Segment Open
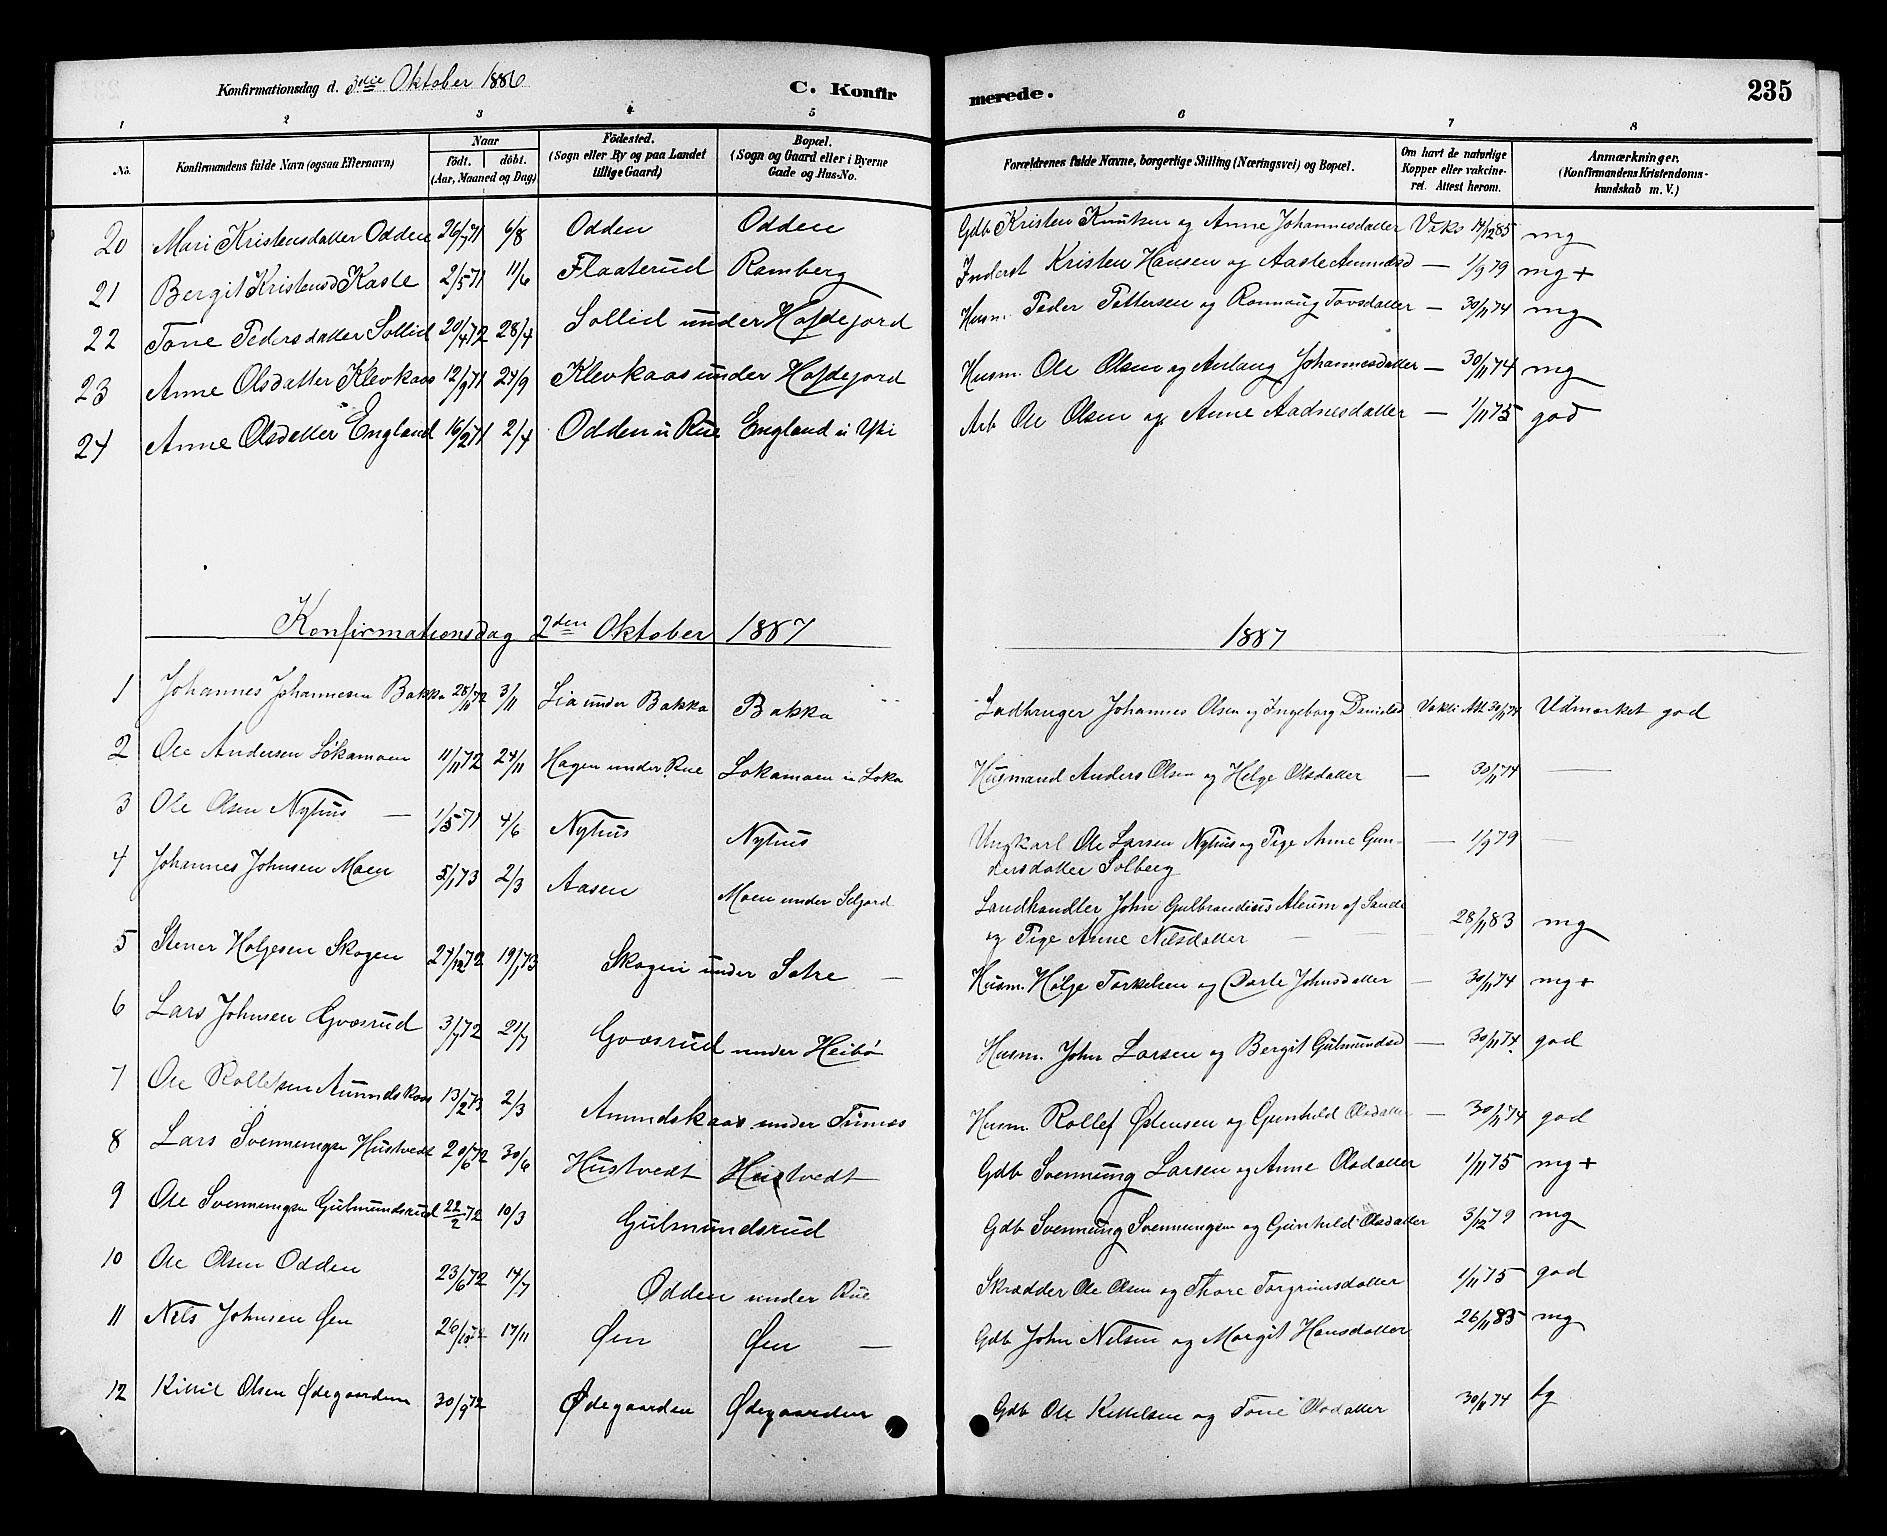 SAKO, Heddal kirkebøker, G/Ga/L0002: Klokkerbok nr. I 2, 1879-1908, s. 235
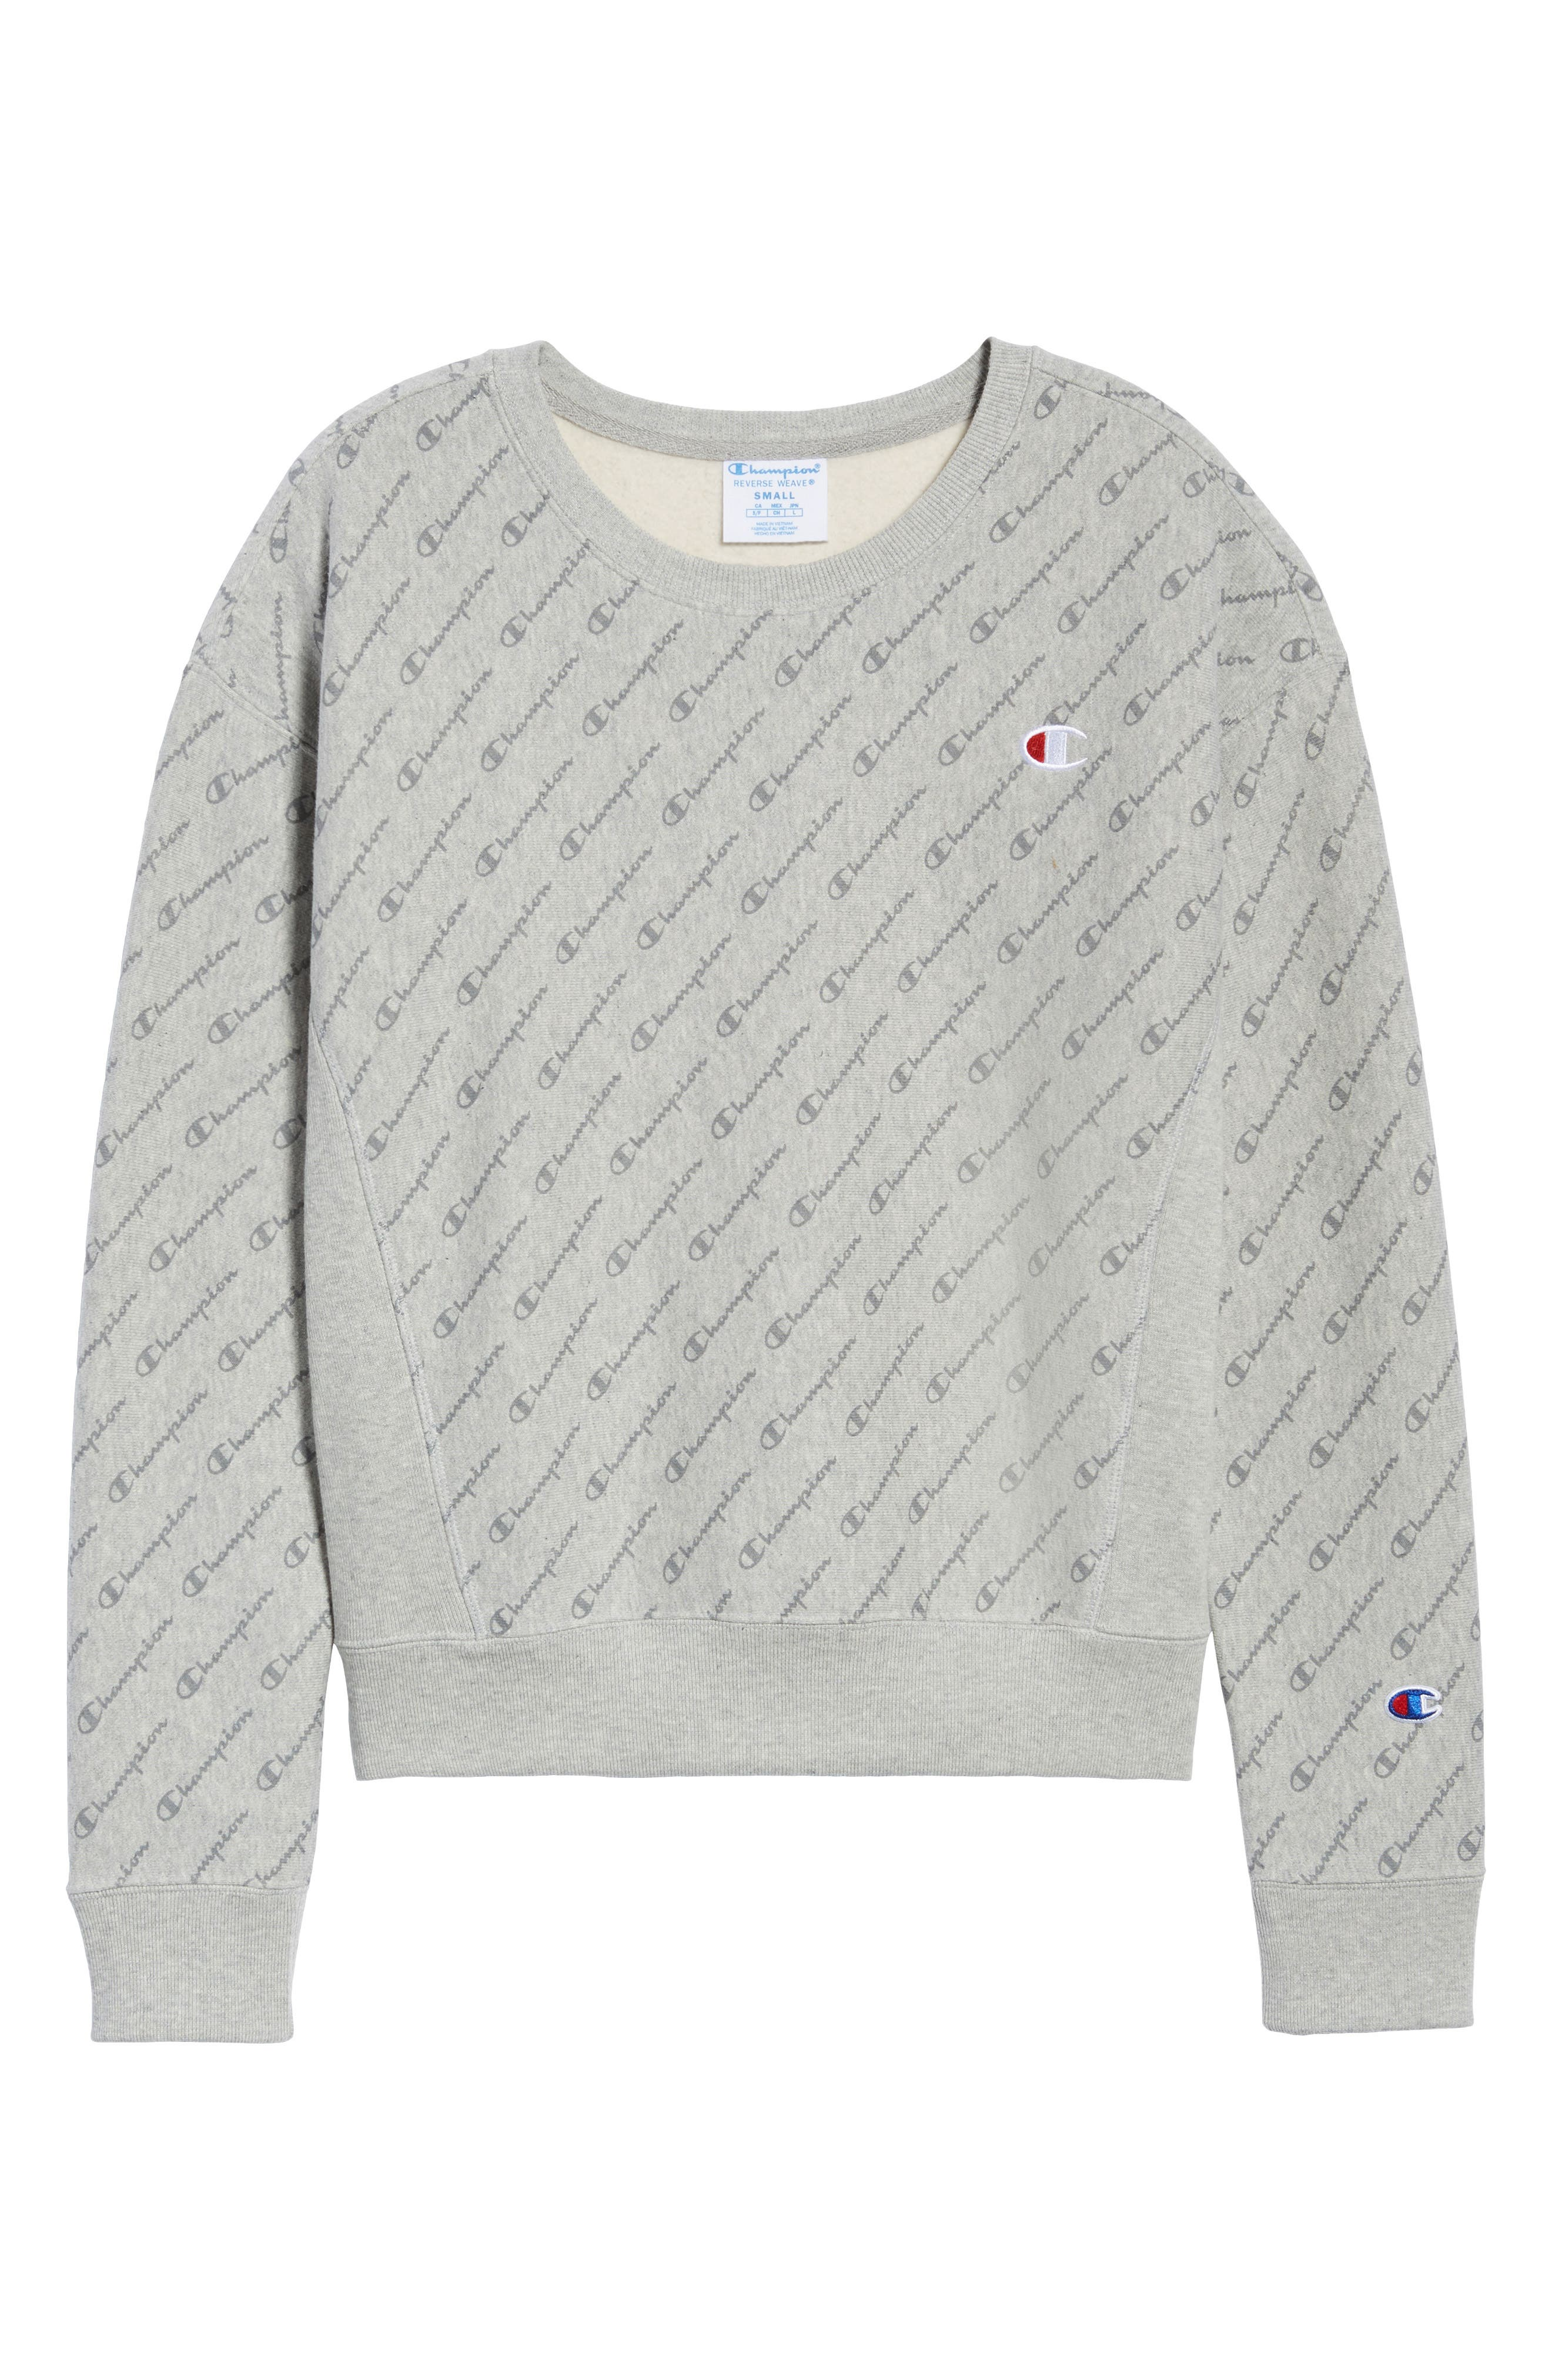 All Over Logo Reverse Weave Sweatshirt,                             Alternate thumbnail 3, color,                             DIAG LOGO SCRIPT HEATHER
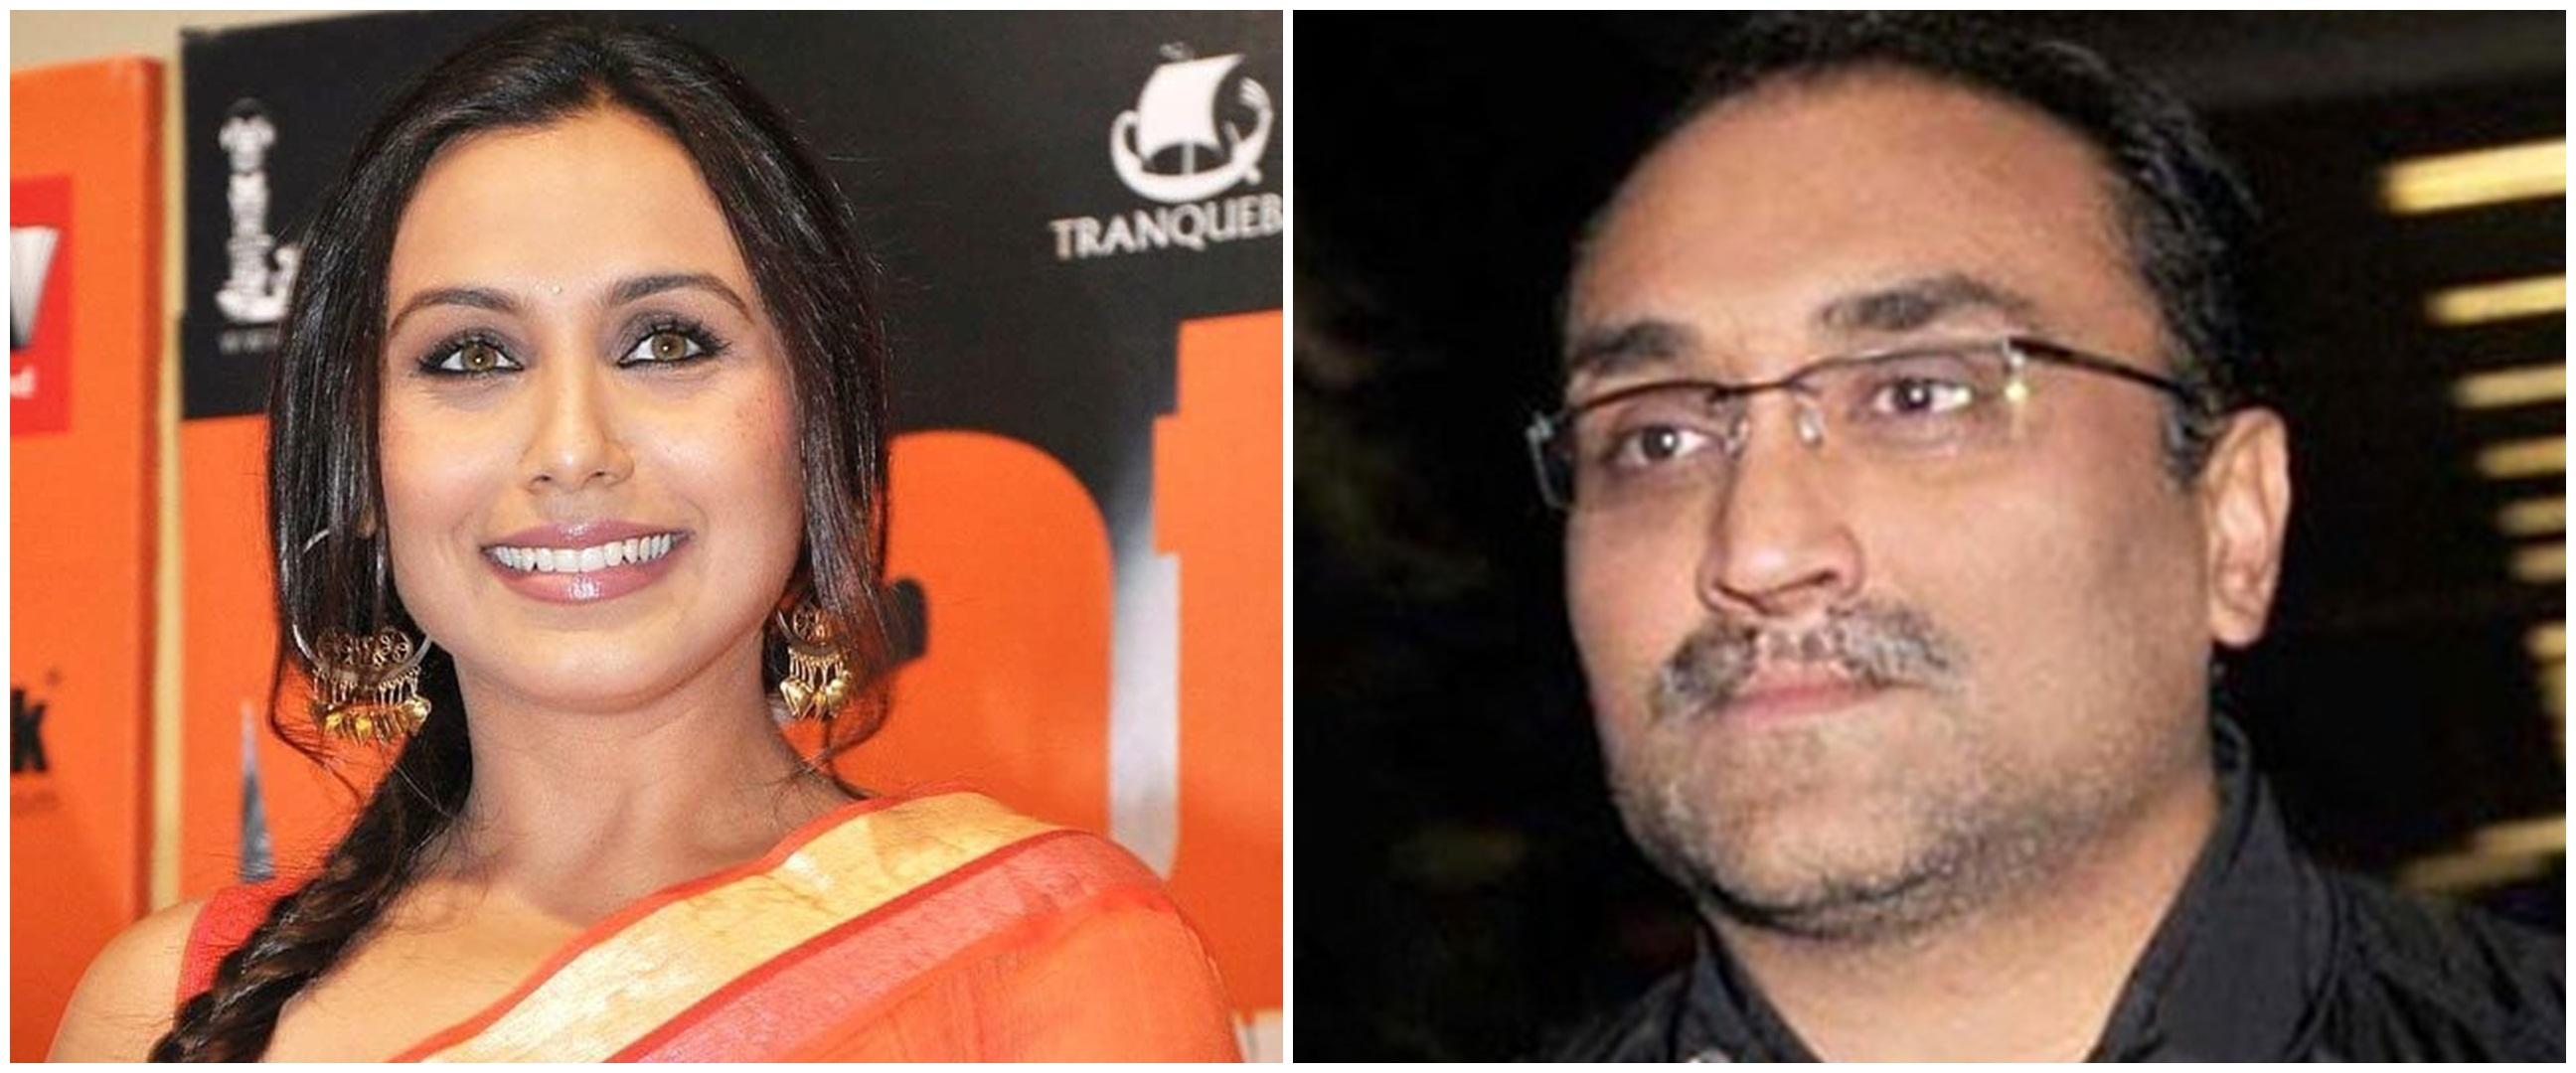 Alasan Rani Mukerji jatuh cinta pada Aditya Chopra ini tak terduga
Segment Closed
WHAT THE TASK REQUIRES | Your answer should reproduce every line of the data verbatim and include no images.

YOUR SOLUTION |
 SAKO, Heddal kirkebøker, G/Ga/L0002: Klokkerbok nr. I 2, 1879-1908, s. 235
 All Over Logo Reverse Weave Sweatshirt,                             Alternate thumbnail 3, color,                             DIAG LOGO SCRIPT HEATHER
 Alasan Rani Mukerji jatuh cinta pada Aditya Chopra ini tak terduga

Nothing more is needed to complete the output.